President Donald Trump on Friday ordered the Pentagon to immediately set about the work of figuring out how much money the Defense Department would need to overcome what military leaders have said are serious readiness problems brought on by years of political deadlock over the federal budget.
In a memo he signed at the Pentagon during a symbolic swearing-in ceremony for Defense Secretary James Mattis, Trump told the new secretary to launch a 30-day examination of a broad set of measures of military readiness, from maintenance to munitions and infrastructure to manning and training.
Also over the next month, DoD will work with the Office of Management and Budget to draw up an emergency supplemental 2017 budget request. The funds would be used to pay for any immediate readiness gaps the Pentagon review identifies, and the order also tells OMB and DoD to use to results of the readiness review as a basis for Defense budgets in 2018 and beyond.
In addition to the near-term cash infusion for readiness, the order set a broad agenda of “rebuilding” the U.S. military through a new National Defense Strategy Trump ordered DoD to produce in preparation for its 2018 budget submission, including a new review of the country’s nuclear weapons posture and its capability to defend itself from missile attacks.
“As we prepare our budget request or Congress — and I think Congress is going to be very happy to see it — our military strength will be questioned by no one, but neither will our dedication to peace,” the president said in remarks at the Pentagon Friday. “We do want peace.”
Military readiness shortfalls have been a persistent concern on the part of not only the military’s top officers, but also its civilian leaders since the onset of sequestration in 2013. Indeed, the Obama administration’s final budget proposal lamented “enduring readiness challenges” brought on by the 2011 Budget Control Act and its later requirement for across-the-board spending reductions.
To help solve them, the 2017 budget proposed $14 billion more in Defense spending than is currently allowed under the caps, but Congress has yet to approve any federal agency’s spending plans for the fiscal year, which began on Oct. 1. If the new president hopes to spend more on readiness and modernization in 2017 and beyond, he will have to overcome the political deadlock that has kept the BCA caps mostly intact until now.

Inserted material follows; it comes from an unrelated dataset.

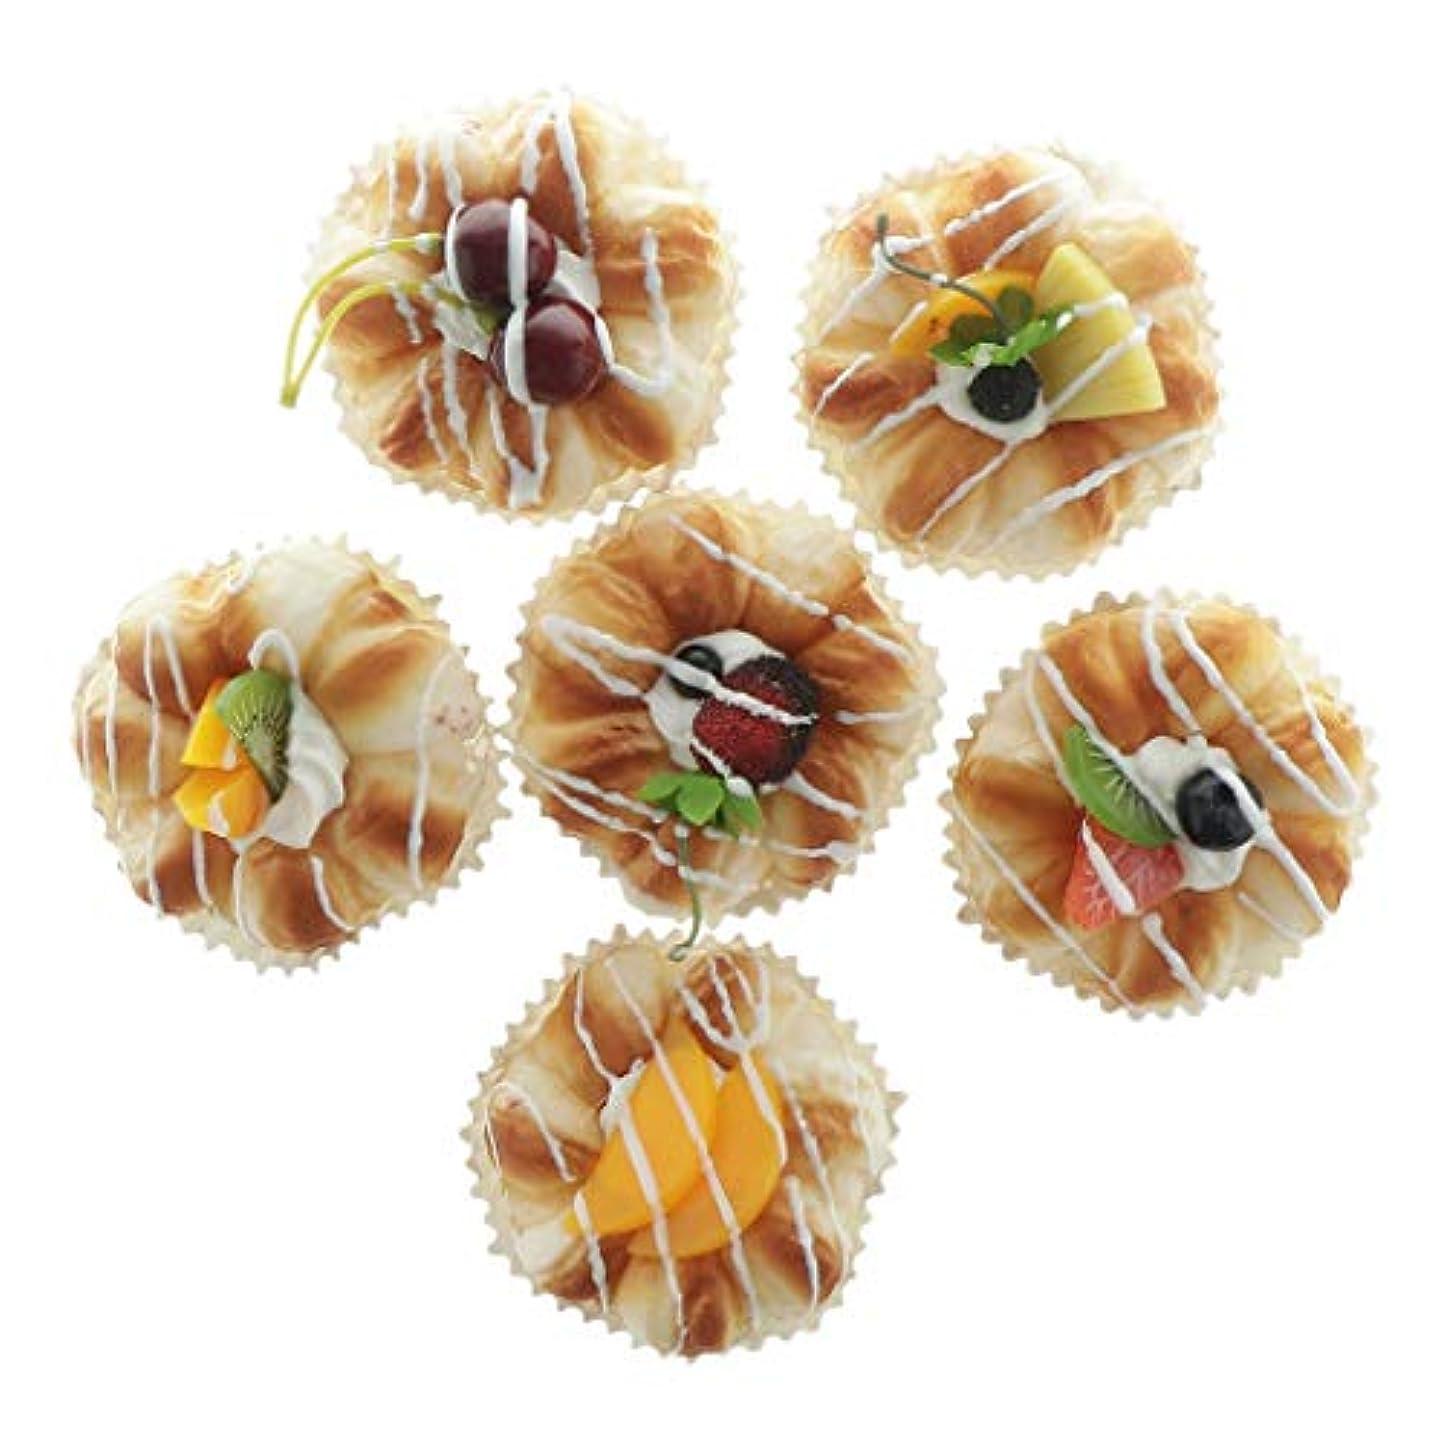 勇気ところでフェローシップ6個入 子供 ケーキモデル 食べ物 ごっこ遊び 写真 ふりプレイ おもちゃ 小道具 装飾

Under current law, they will remain in effect until 2022.
In recent testimony, the military’s uniformed service chiefs have told Congress that they have been able to solve some of the short-term concerns that plagued each service in 2013, when sequestration first took effect, but that their reprioritization of funds toward immediate training needs for current operations came at the expense of long-term, “full-spectrum” readiness, including the upkeep of military bases and investments in research and development for future weapons systems.
“One of the key factors for improving readiness is time,” Gen. Mark Milley, the Army’s chief of staff, told the Senate Armed Services Committee in September. “Our goal is to have regular Army brigade combat teams achieve 60-66 percent full spectrum readiness, and I estimate that it will take the Army approximately four years to achieve that. That’s assuming no significant increase in demand, and that we don’t have sequestration levels of funding.”
To whatever extent the military has an ongoing readiness problem, Defense experts generally agree that it cannot be immediately fixed with a short-term influx of cash.
Dakota Wood, a senior fellow at the Heritage Foundation, said the military services have done their best to manage uncertain budgets, including by prioritizing their funds toward current operations in the Middle East at the expense of training and equipping themselves for future conflicts that are likely to be much more complicated.
“It isn’t a matter of figuring out what problems need to be addressed or where additional funds can be best spent or savings obtained. My personal observation is that the military services have done this analysis,” Wood said in testimony before the Senate last week, prior to Trump’s memorandum. “They know what they need, and have prioritized those needs for every additional dollar they might be provided. In my judgment, their analysis is, by and large, right on target,” Wood said. “What they fear is imbalance. They are concerned about having too many people and too little equipment or the reverse, too much equipment and too few people.”
Thomas Mahnken, the president and CEO of the Center for Strategic and Budgetary Assessments, agreed that readiness and modernization have suffered in recent years, but counseled against opening a floodgate of new funds before it was clear how the Pentagon would effectively spend them.
“Improving readiness and modernizing the force will require additional resources beyond those permitted by the Budget Control Act, but we need to keep in mind that the Defense Department’s capacity to absorb an infusion of resources is limited,” he said. “The Pentagon today is a lot like a person who has been slowly starving for years; there are limits to how effectively it can spend a large infusion of cash. One byproduct of our neglect of modernization over the past decade and a half is that there are few programs that are ready right now to accept new funds. Rebuilding the American military will take time.”